Eu e a minha amiga Modernidade fomos passear a pé pelas ruas da cidade. Não tão jovem assim, contentou-se caminhar pelo Centro. Disse-me que era o suficiente para conhecer a cidade inteira. Porém, retruquei:

_ Mas como? Você precisa conhecer também a periferia...

Esperta e cheia de si, detona:

_Meu rapaz...

Antes da suprema ofensa e humilhação, fez uma pausa coçando a cabeça lilás, me achando a pessoa mais estúpida do mundo.

_Meu rapaz... São Gonçalo já é a periferia.

Olhei pra ela arrasado; mas concordei, sem falar nada. Entendi o seu ponto de vista. Se referia ao Rio de Janeiro como a metrópole e, São Gonçalo, seu satélite. Tem sentido.

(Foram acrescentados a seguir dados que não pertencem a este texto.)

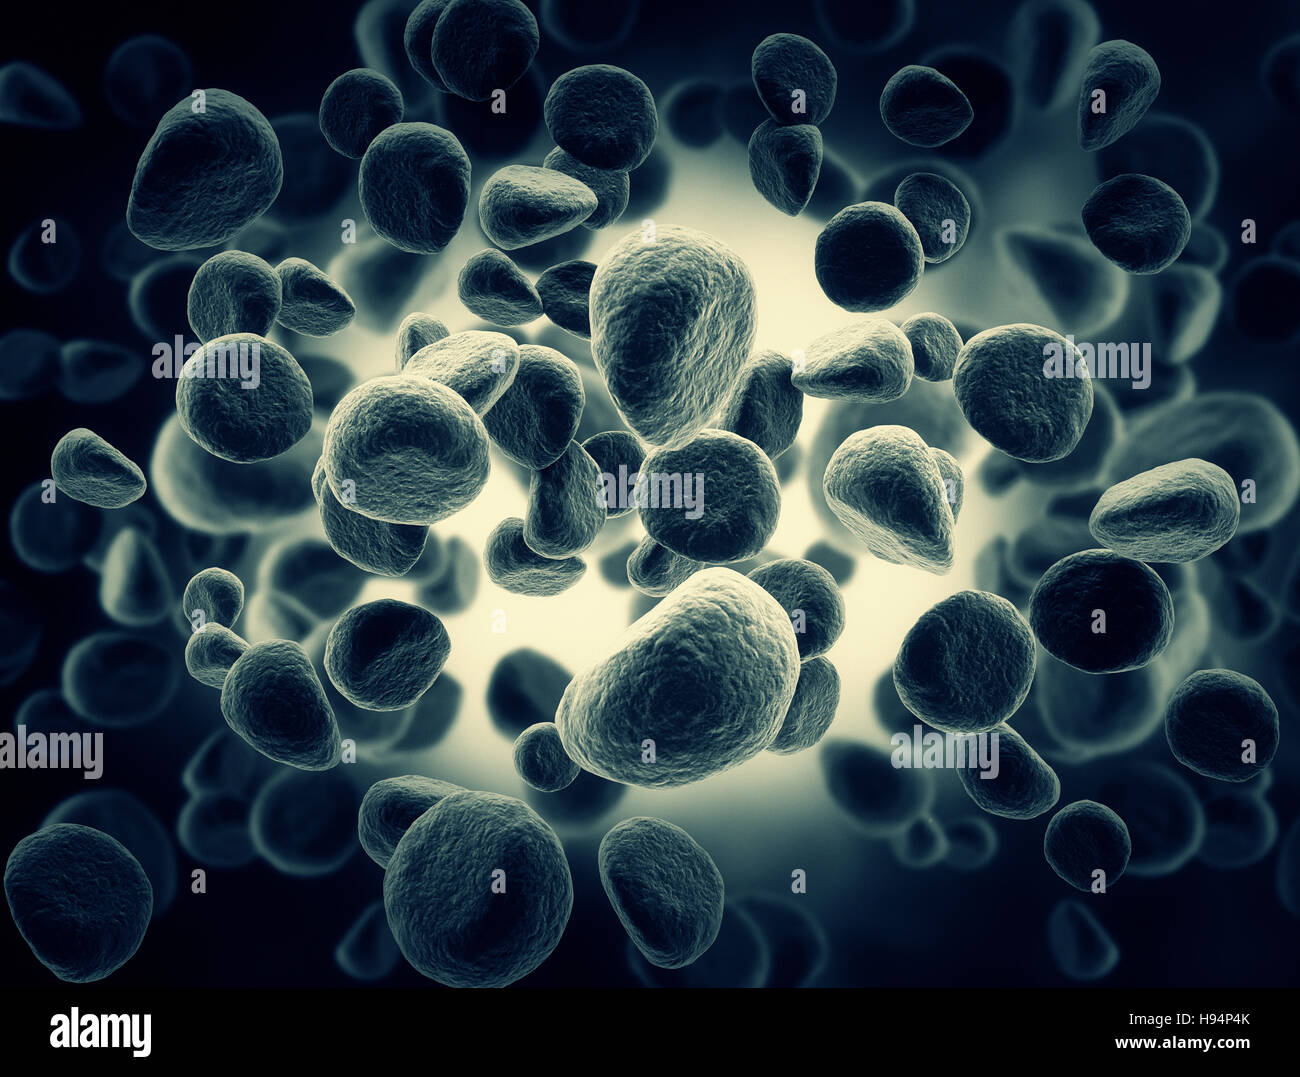 High resolution Illustration of cells Stock Photo

Compramos um sorvete na Praça Zé Garoto. Sentamos num dos seus bancos de cimento. Era tardinha e, de repente, acendem as luzes de um chafariz. A nossa atenção é finalmente desviada para um casal de noivos - à caráter - que descia desajeitado de uma kombi branca 69.

Sem mais nem menos a amiga começa a gargalhar; tão alto, que o pipo-queiro ao lado não desgrudou mais os olhos dela. A figura já tinha aquele cabelo esquisito, e rindo desse jeito... não é para menos!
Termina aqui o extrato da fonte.